Re: cin 3 - spreading to glands?
Hi Smiler. First of all ((((((((((Hugs))))))))))))) and some slow clear breaths.
I don't know much about the British health care system, but from what you've written I'd be very frustred. I recommend you push to be seen by someone else. This is a very long post, I apologize in advance. I'm mixing some general knowledge with my experience. I hope I've made my experience sound like "my experience" and not as part of the "this generally is what is true" part. If, at any point I confuse you, please ask for clarification. I'll check back in a few hours.
Next, do you know what type of atypical cells you have? It sounds like you have atypical epithelial (or columnar) cells, rather than squamous. If that is the case, then I have an idea of what you were told.
The cervix is made of two basic types of cells: squamous and epithelial. Squamous cells are on the exocervix (think of the frosted part of a donut - if the donut is the cervix). The exocervix is what is scraped during a Pap and it is what is seen during a colposcopy. Most women who have atypical cervical cell growth have squamous cells (something like 80%). Then there are epithelial cells are shaped like columns (hence, also called columnar). They "live" higher up in the cervix, in the endocervical canal. (think the inside of that frosted donut, or the inside hole of a bagel). They cannot be seen when the doctor does the Pap or when he/she uses the colposcope. The best (in my humble opinion) way to know what is going on in the endocervical canal is to do an ECC (endocervical curettage). This scrapes the cerivcal "hole" for atypical cells.
My doctor did an ECC when she didn't see anything to biopsy on my colposcopy. My results from the ECC came back Cin-III and Adenocarcinoma in situ (AIS). AIS is still considered a precancer. It is actually (the way I understand it) between CIN-III and Stage I cancer.

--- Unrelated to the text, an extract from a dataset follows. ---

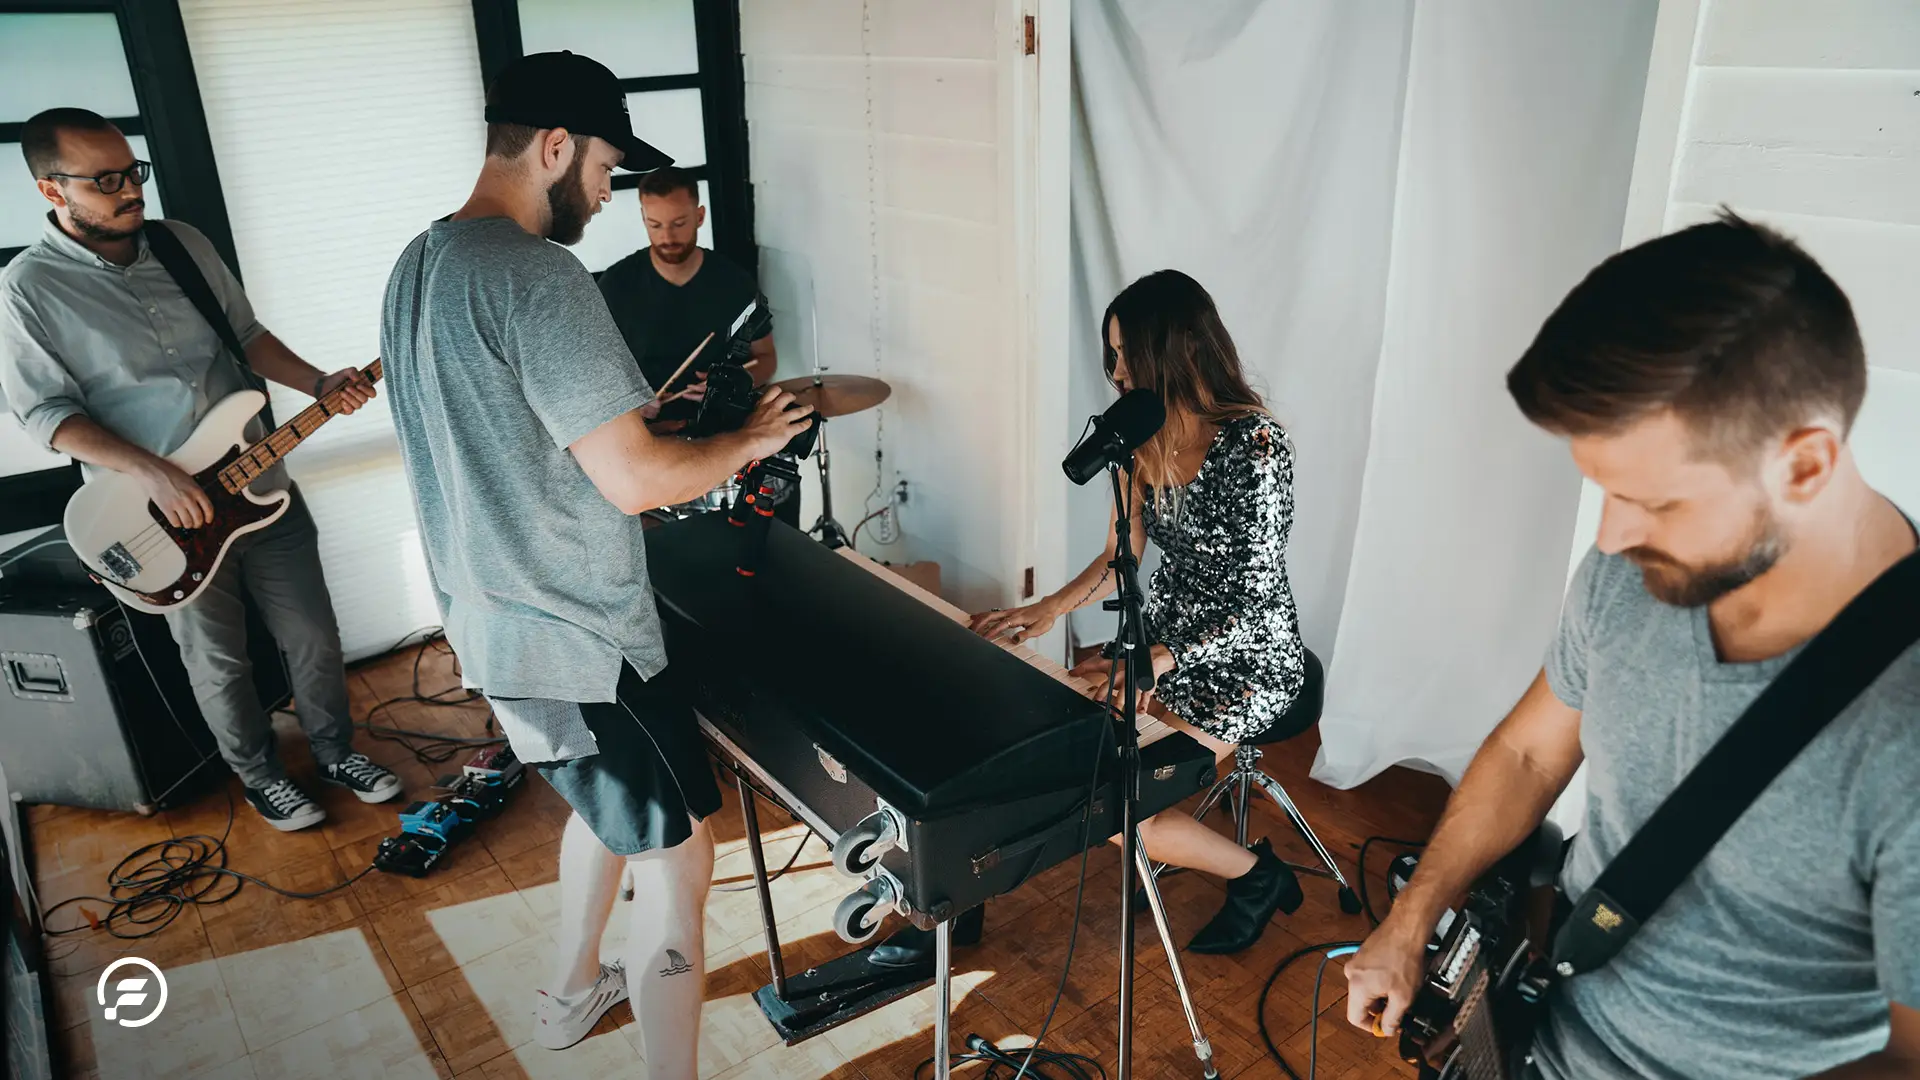 A band filming their own music video.

My doctor scheduled me for a cold knife cone biopsy after the AIS diagnosis came back. That came back Adenocarcinoma Ia1 (very early stage - microinvasion). The only needed treatment was a hysterectomy (uterus and cervix). I had that surgery June 18th. I will not need chemo or radiation. I am VERY Fortunate that my doctor did the ECC and that it found my cancer at such an early stage. (That certainly doesn't mean the last 2 months have been easy - not by a long shot. I still feel fortunate it was found before I had to have more aggressive treatment).
Now, those "glands." I went for my second (and final) biopsy the day before my hysterectomy. The doctor did another cold knife cone biopsy to see if there were more cancer cells and to determine what type of surgery I needed (radical vs. what I ended up with). The morning of the hysterectomy (and the day after the biopsy) she told me what pathology said about the second cone. They said there was cancer in one of the "glands." I about had a panic attack. I interrupted her and said, "hold on, what do you mean "glands?"" She explained that the "gland" was one of the mucous secreting glands in the cervix, NOT a lymph node gland (which is what I had thought). This means one of those columnar cells (I think) which secrete mucous in the cervix had cancer in it.
Even though that gland had cancer in it, it was ONLY in that gland. She went ahead and did the LAVH (laparoscopically assisted vaginal hyst) as we had previosly planned (not the abdominal cut) and she only took the cervix and uterus (not the radical hyst).
My cancer was still considered microinvasion, even though that gland had cancer in it.
The happy ending here is, I've had my hysterectomy. I am now on the mend. The pathology report from the hysterectomy said there was "no sign of residual tumor" which means there was no new cancer. The doctor got everything during the biopsy on Tuesday, so the hysterectomy on Wednesday was for safe measure (my words, not my doctors). I now return to her at 4 weeks post-op. I'm sure we'll then discuss my follow up appointments. I expect to visit her every 3 months for 2 or 3 years, then go to every 6 months for 2 or 3 years, then yearly visits. Even if I have to see her every 6 months for the rest of my life, it is a whole lot better than having cancer in my body!
I hope that information helps you understand a bit more of what the doctors might have meant when they said "gland" and to give you a bit of a my story (which sounds it *could* be similar to yours - though I hope your isn't as bad as mine was).
If you have ANY questions, please feel free to ask. I'll do my best to answer. There are many women here who are better informed than me and who are extremely helpful and supportive. You have found the right place to look for information and support.
Please let us know how things go! ((((hugs and prayers for you))))
Last edited by Pickle Eyes; 07-01-2008 at 11:22 AM.